I report the same error with ghostscript ebuild (cp -a)... on fresh 1.4 install with XFS and Posix ACL switched on in kernel... Without ACL in kernel all is ok...
*** Bug 7423 has been marked as a duplicate of this bug. ***
so, this is a fileutils bug, needs a version update, and or fixed in recent xfs versions, am I on the right page? If this is still a problem with xfs-sources-2.4.19-r1, please re-open the bug.
cube root # emerge =sys-kernel/xfs-sources-2.4.19-r1 Calculating dependencies emerge: all ebuilds that could satisfy "=sys-kernel/xfs-sources-2.4.19-r1" have been masked. cube root # grep xfs-sources /usr/portage/profiles/package.mask # New xfs-sources, please test. >=sys-kernel/xfs-sources-2.4.19 I cannot find where it is masked, so I cannot test it. :(
Sascha: that _is_ the mask. >= means "higher than or equal to", e.g everything newer than or matching xfs-sources-2.4.19 will be masked.
Oops, of course. I was interpreting it like /etc/make.profile/packages, which is exactly the opposite. :) Just tried xfs-sources-2.4.19-r1 and had serious trouble. Mount choked at boot time with a kernel error and hung on the manual invocation. When trying to sync filesystems with <SysRq>+<s>, even the kernel hung. The kernel config is basically the same as for xfs-sources-2.4.18. I used "make oldconfig" and entered some save values for the new options. I'm using XFS over LVM for all filesystems except /boot (ext2 on a primary partition) and /usr/vice/cache (ext2 over LVM).

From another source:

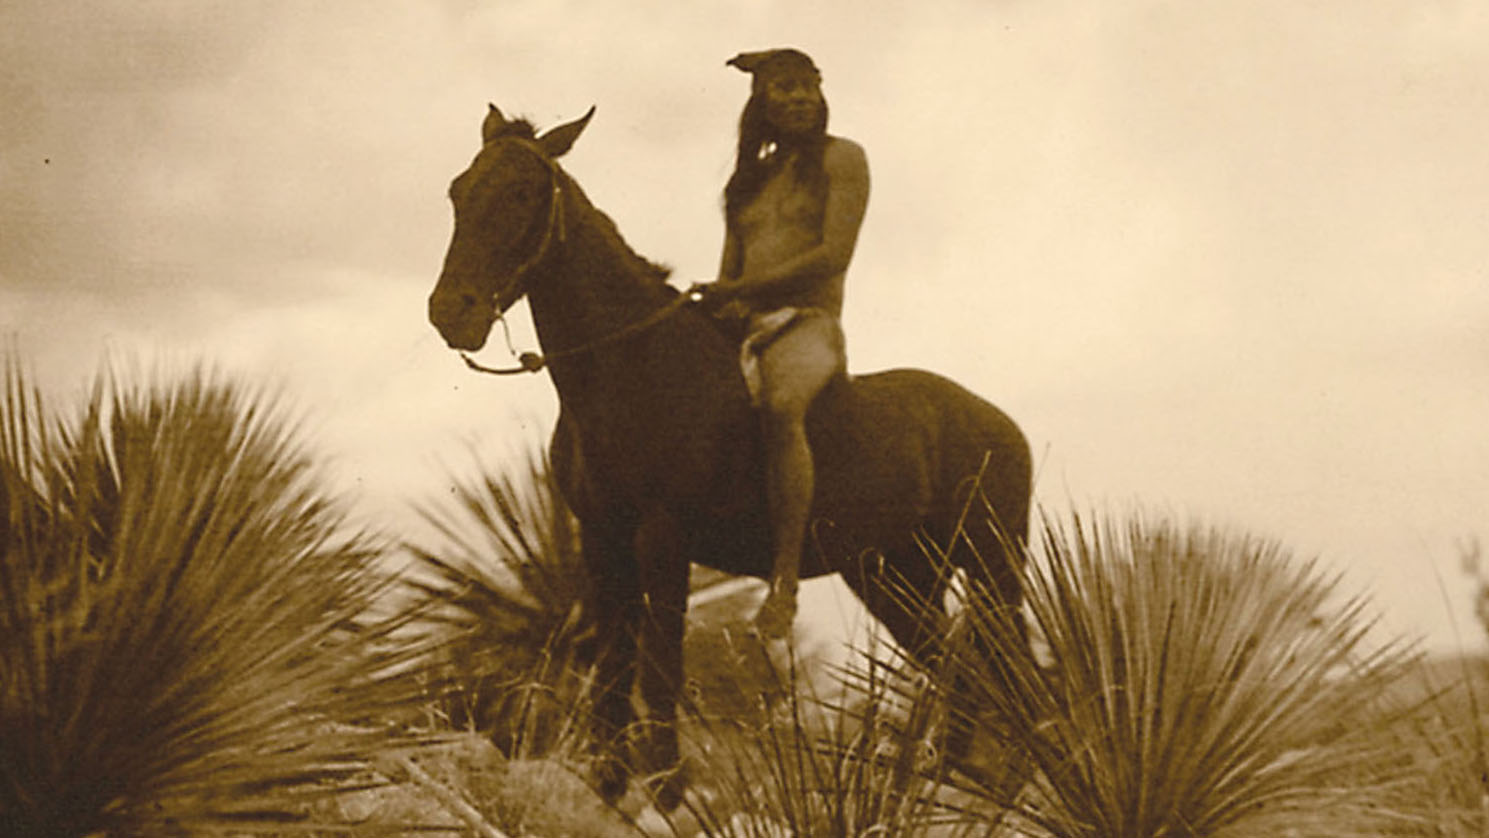 An Apache scout on horseback surveys the countryside. (Photo by Edward S. Curtis.)

I'm still getting a kernel OOPS as soon as mount tries to mount the first XFS partition: XFS mounting filesystem lvm(58,0) Unable to handle kernel NULL pointer dereference at virtual address 00000008 printing eip: c022c4bf *pde = 00000000 Oops: 0000 CPU: 0 EIP: 0010:[<c022c4bf>] Not tainted EFLAGS: 00010256 eax: 00000000 ebx: d6b96240 ecx: d6b96040 edx: 00000000 esi: d6af4017 edi: 00002a05 ebp: 00000000 esp: d6bf7d54 ds: 0018 es: 0018 ss: 0018 Process mount (pid: 2831, stackpage=d6bf7000) Stack: 00000000 00000000 00000000 00000246 00000000 00000000 d6b79c20 00000000 00000000 d6b96240 d6af4017 00002a05 d6b79c00 c022c702 00000000 00000000 00000000 00000200 00002a05 d6b96240 00000000 00000000 d6b79c20 d6af4017 Call Trace: [<c022c702>] [<c021876d>] [<c0221cde>] [<c02220c9>] [<c0236fc3>] [<c0133e38>] [<c01410ba>] [<c0141a83>] [<c015309e>] [<c014102c>] [<c0141dfd>] [<c0154273>] [<c0154590>] [<c01543d9>] [<c01549c1>] [<c0108ec7>] Code: 8b 45 08 0f b7 40 10 89 04 24 e8 b2 f7 ff ff 89 44 24 18 8d I've completely rebuilt the kernel after "make mrproper" to be sure there was nothing messed up during the compile.
wowzer, lemme get mjc back in on this one, apparently the issues with xfs-sources-r1 are LVM related and I dont use it and know little about it.
I'm now running a vanilla 2.4.19 kernel patched with ftp://oss.sgi.com/projects/xfs/download/patches/2.4.19/xfs-2.4.19-all-i386.bz2 (+freeswan+loop-aes, but that does not matter). This one works fine, no kernel panics after all. It seems like one of the additional patches from http://gentoo.lostlogicx.com/patches-2.4.19-xfs-r1.tar.bz2 is causing the problems. What's in there?
xfs-sources-2.4.19-r2 hit Rsync recently, can you test that (assuming you don't use grsecurity as grsecurity is currently broken in that patch)
and sorry to request more testing... but it is a whole new version of xfs an stuff... I'm currently working on resolving the grsecurity issue...
I've now tested xfs-sources-2.4.19-r2. It seems to work fine (i.e. I could boot it properly and use w3m to read some pages on the console. Because my current kernel includes FreeSWAN 1.98b + FreeSWAN-alg-0.8.0 and loop-AES, I'll keep it instead of changing back to xfs-sources, so I cannot say anything about its long-time reliability. When 2.4.20 is out, I'll come back to you. :) Thanks!